Бродяги вошли под своды бывшего жилища Сервилия-Нобильора.
— Пойдем наверх, — сказал певец, — я знаю, что в этом доме есть комната, не могшая обрушиться, потому что очень недавно и очень прочно устроена. Мы там переночуем.
Они вошли в лазурный грот Люциллы.
Нарцисс зарыдал при виде разрушенной обители его богини, повторяя: Ее уж нет!.. если она и жива, то мне не спасти ее, не найти!
— Тебе не найти ее! — повторил певец и также заплакал, обнявшись с другом.
— Я узнал тебя, — сказал Нарцисс.
— Узнал?
— До этой минуты я сомневался, но теперь, в этом гроте… при этой обстановке… сними эти черные волосы, милый друг.
— Зачем?
— Я хочу убедиться… но, нет, не снимай, если не хочешь… я и так уверен.
— Кто ж я?
— Рамес.
Певец снял черный парик, под ним оказались гладко остриженные светлые волосы.

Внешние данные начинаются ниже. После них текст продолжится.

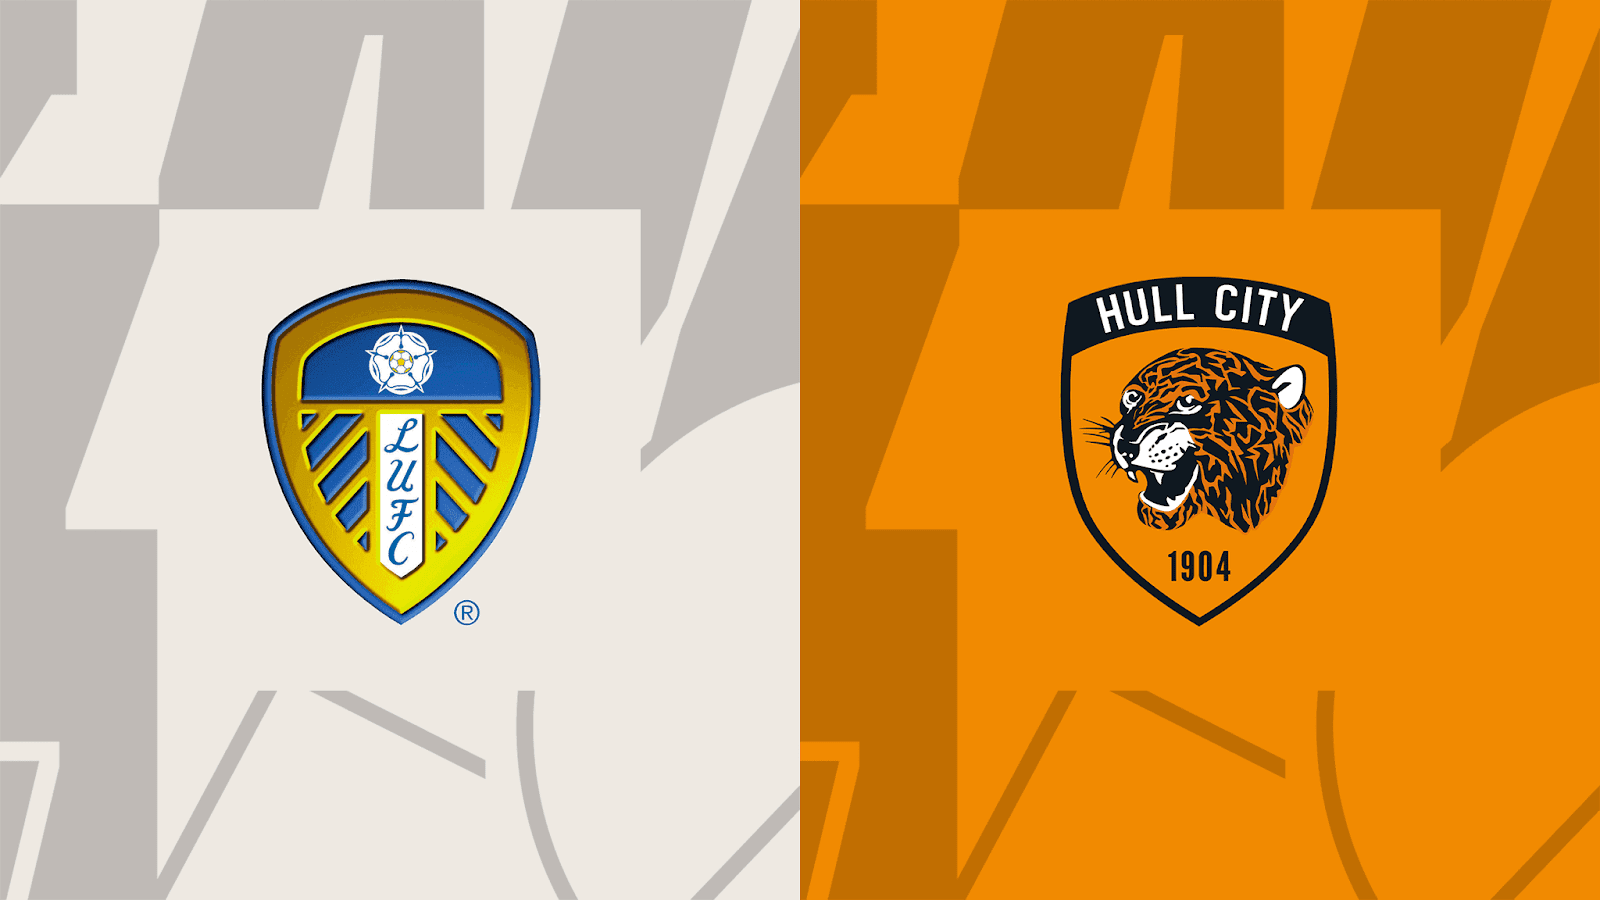 Giới thiệu chi tiết về 2 đội Leeds United vs Hull City

— И похож и не похож, — сказал Нарцисс, — у тебя прежде волосы были длиннее.
— Голова привыкла к парику, — сказал певец, — мне без него холодно, — и снова надел букли.
— У тебя, друг, волосы были гораздо рыжеватее, похожи на волосы Катуальды, хоть и не такие огненные, а теперь…

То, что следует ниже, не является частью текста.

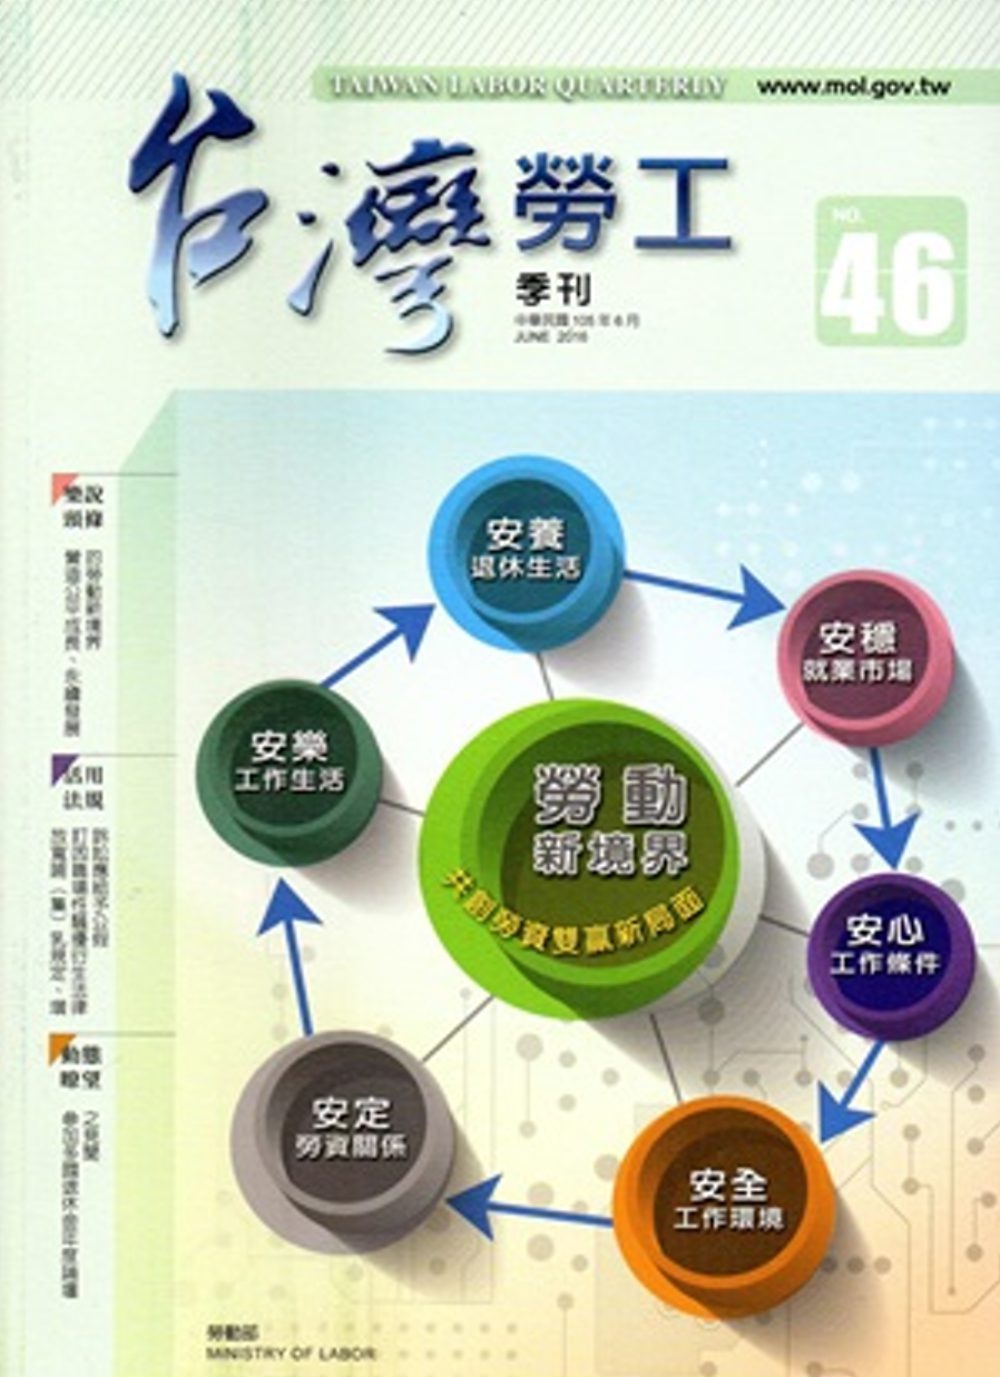 台灣勞工季刊第46期105.06

— Они изменились от постоянного ношения парика; изменились бы и твои.
— Если б они изменились!
— Твоя наружность, друг, до того изменилась с тех пор, как мы расстались после твоего первого бегства, что я тебя положительно не мог узнать, но сегодня и я узнал тебя… я знаю, почему ты боишься меня… не бойся, не донесу… я не скажу Семпронию, кто ты.
— Ты узнал меня?
— Узнал, бедный Каллистрат, друг моей юности.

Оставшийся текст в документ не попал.